The Kepler space telescope is back in action after a tense couple of weeks for NASA engineers. On April 8 the space agency reported that Kepler was stuck in emergency mode, which not only made stellar observations impossible but also burns through the telescope's limited fuel reserves at a prodigious rate. In a couple of days …
As opposed to the Acorn Atom where the rule was take the back off and push all the chips back in - Atom was single board with keyboard on one side and all chips hanging from sockets underneath and could slowly work loose as you typed. The Atom also came as a "Build-yourself" kit and one of the computer mags at the time printed a set of helpful tips for people doing this which included "if you are finding it hard to push the chips into sockets try loosening the socket first with a pin" .... sadly some people rather overdid this - had no problems putting chips in sockets but when they finished and turned the board over they'd all fall out!

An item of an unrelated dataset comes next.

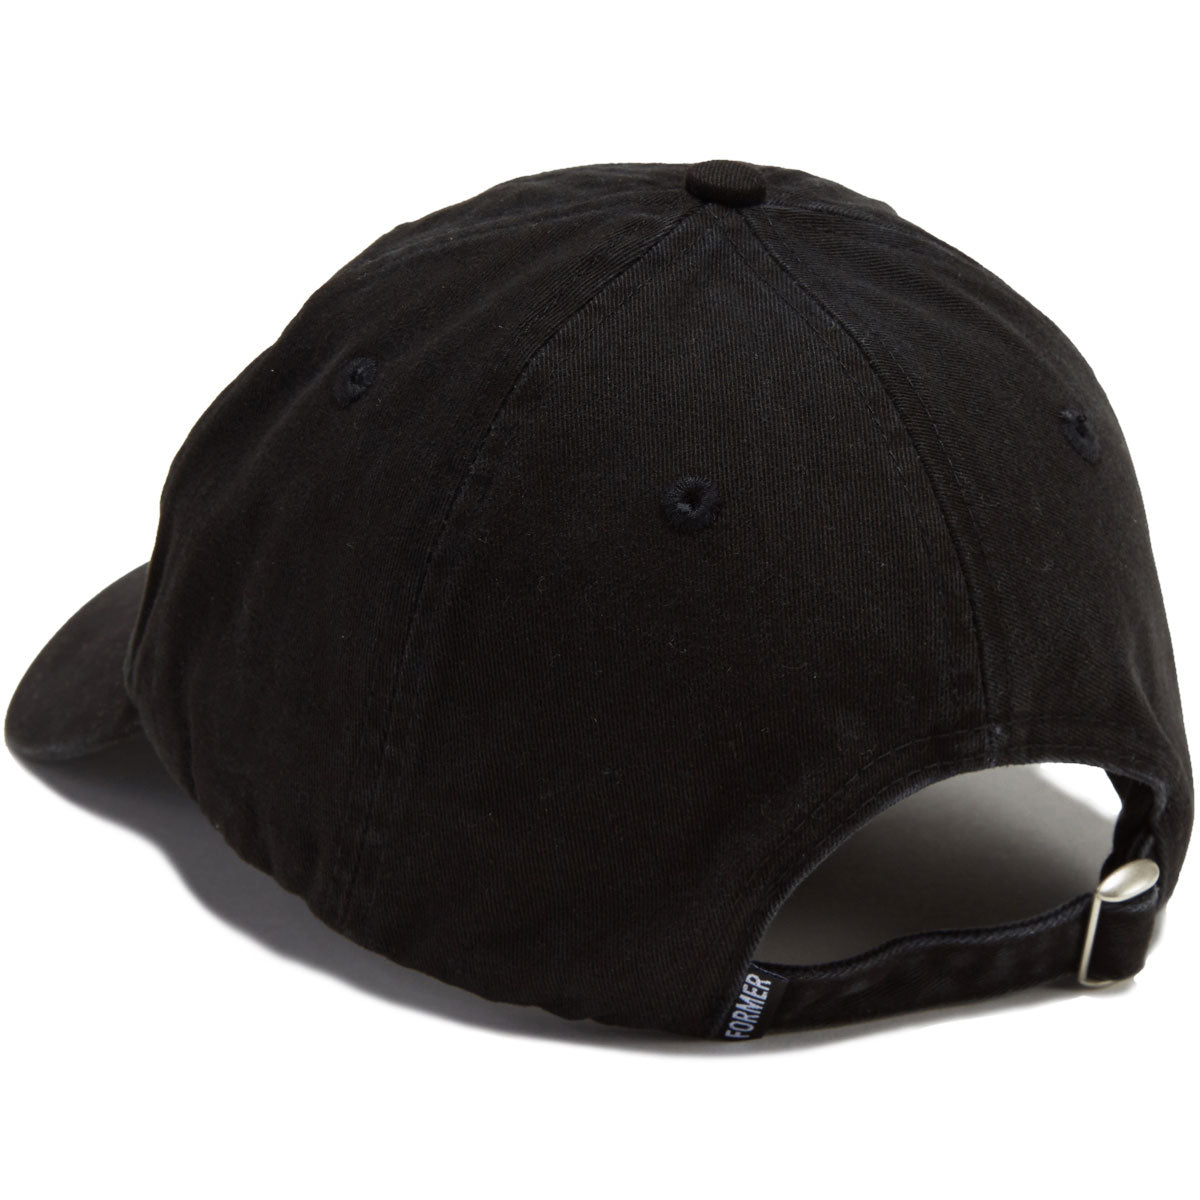 Former Wishing Hat - Black image 2
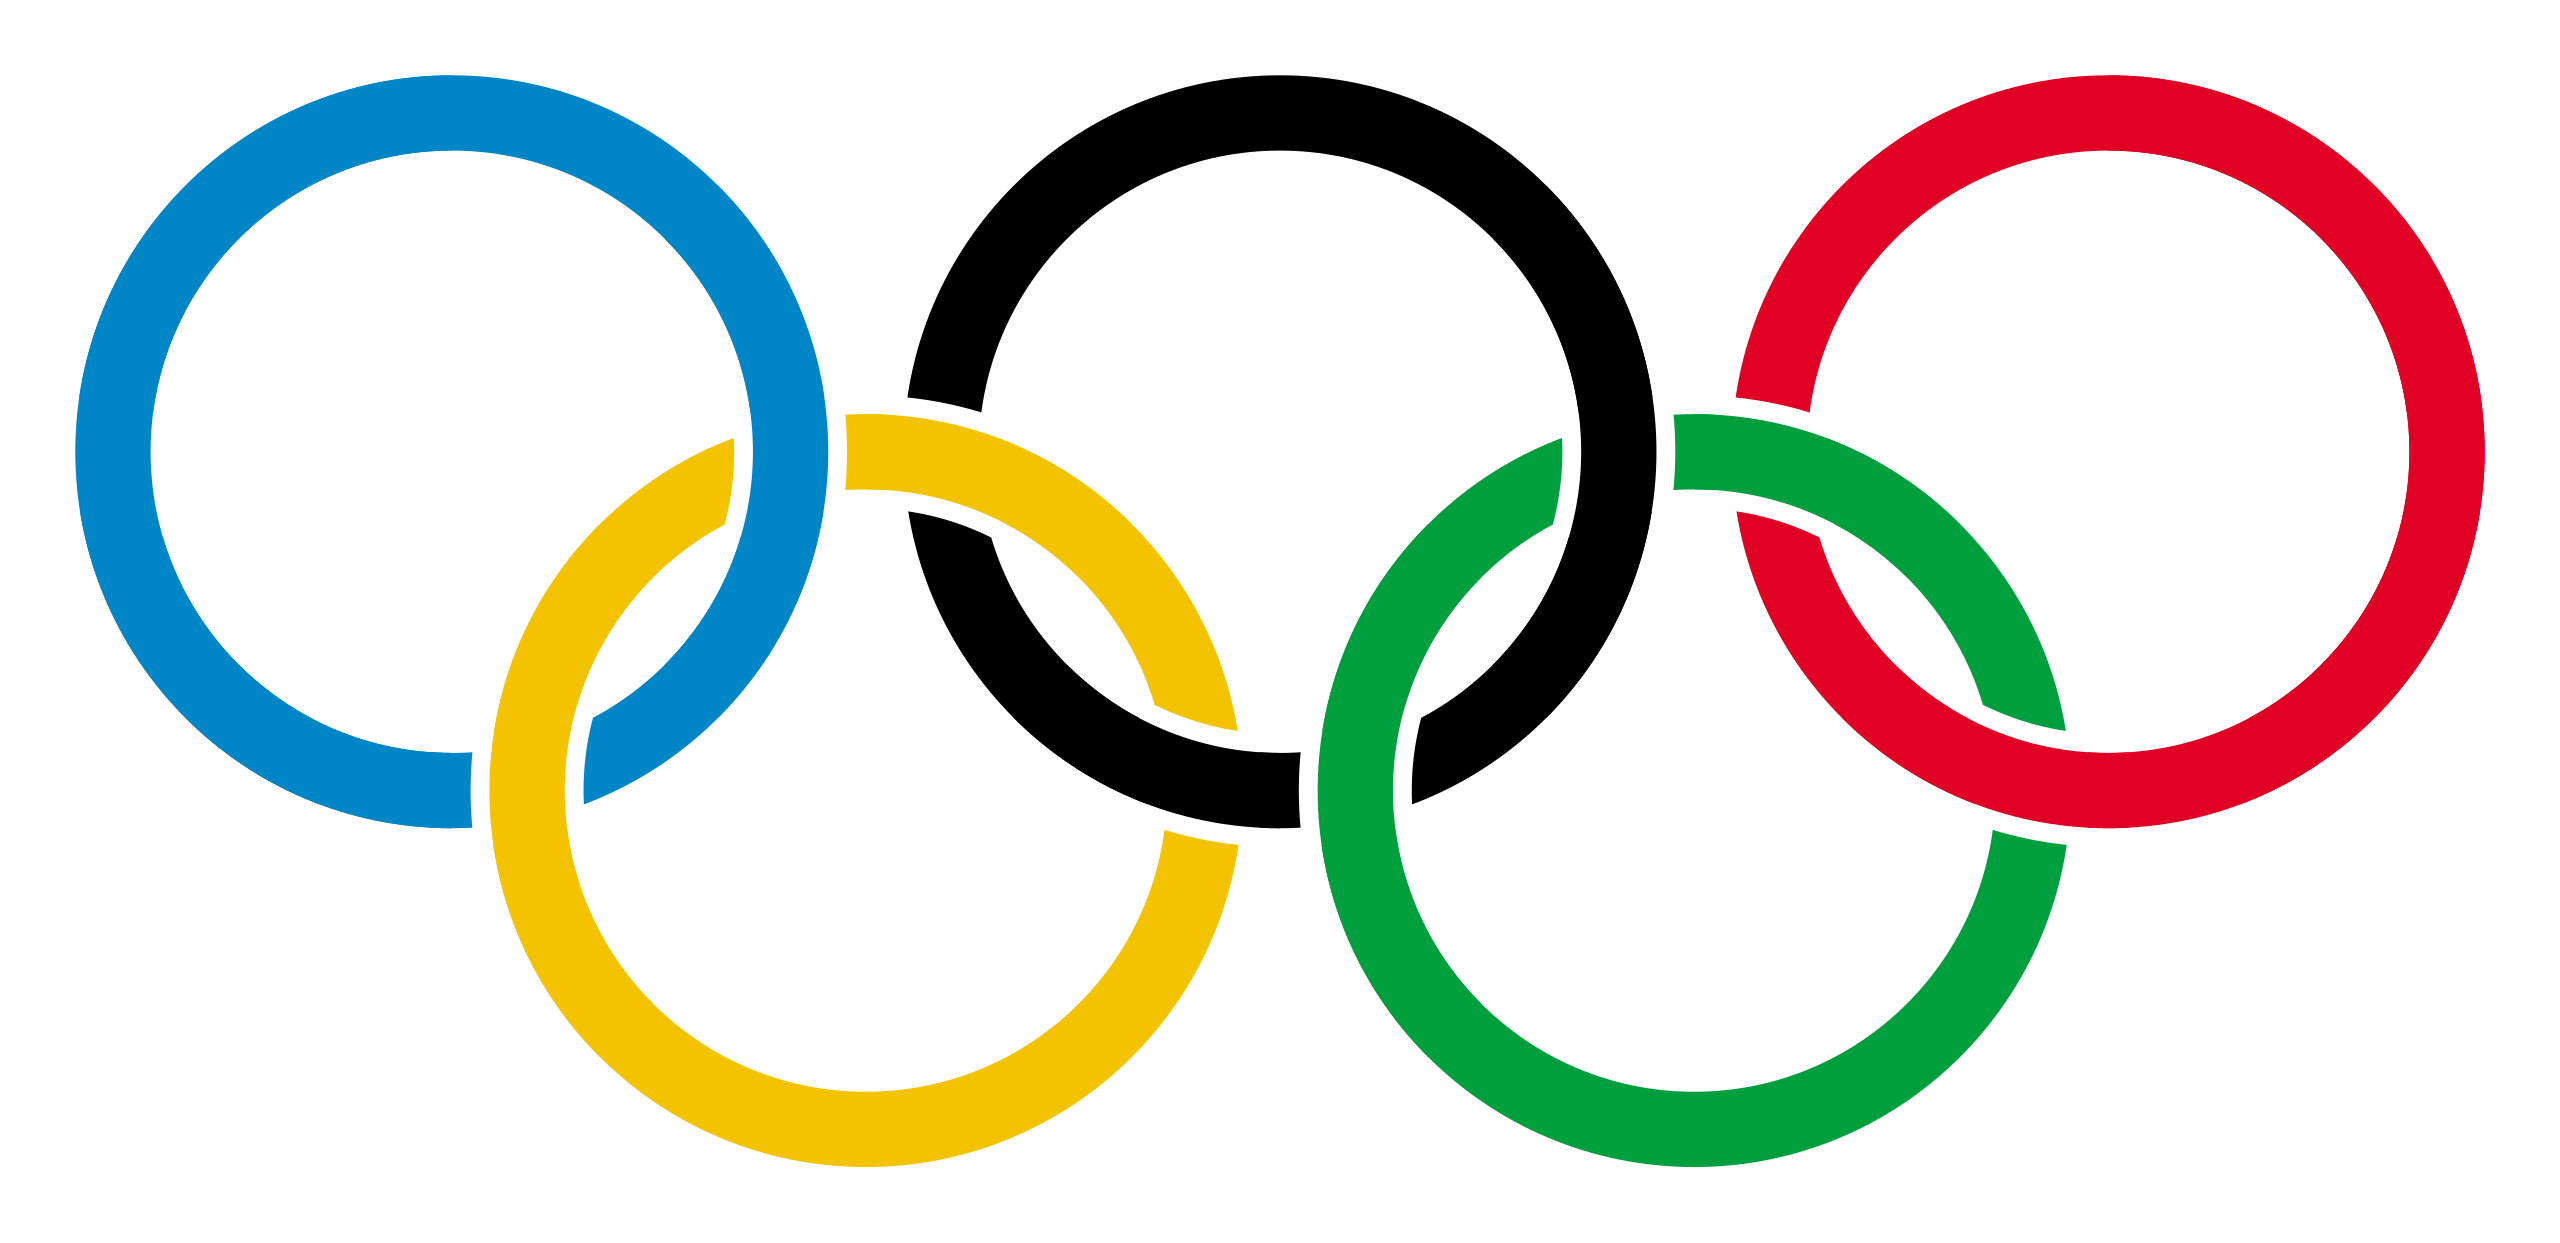 Olympic Vector Logo - Download Free SVG Icon | Worldvectorlogo

Try dropping it to reseat the connectors
Regularly used that same trick to unpark the heads on an external 20(?)MB HDD hooked to the store Tandy 2000 POS machine at Radio Shack back in the day. Worked a treat every time. Word subsequently got out to the other stores, and I eventually received a call from corporate to "stop recommending that," along with a firmware patch to fix it.
"Regularly used that same trick to unpark the heads on an external 20(?)MB HDD "
Picking it up and a jerky twist on the platter axle axis usually achieved the same result without risking unseating the heads from their carriers (which makes for an interesting sound as they bounce off the spinning platters on their wire tethers)
The real solution to drives which had sticktion problems (other than replacing them) was to never turn them off.
<quote>As opposed to the Acorn Atom where the rule was take the back off and push all the chips back in </quote>
That sounds like the EXACT same problem my TRS-80 Model I suffered from. RAM chips slowly rising from the sockets. (TBH, I had also seen that same quirk in some broadcast telemetry equipment. The mfgrs 'solution' was to ty-wrap the chip in place.) I ended up solving that problem at the same time that 64K DRAM chips became available, yank out the old sockets, and solder the new chips in. Good bye trouble prone sockets.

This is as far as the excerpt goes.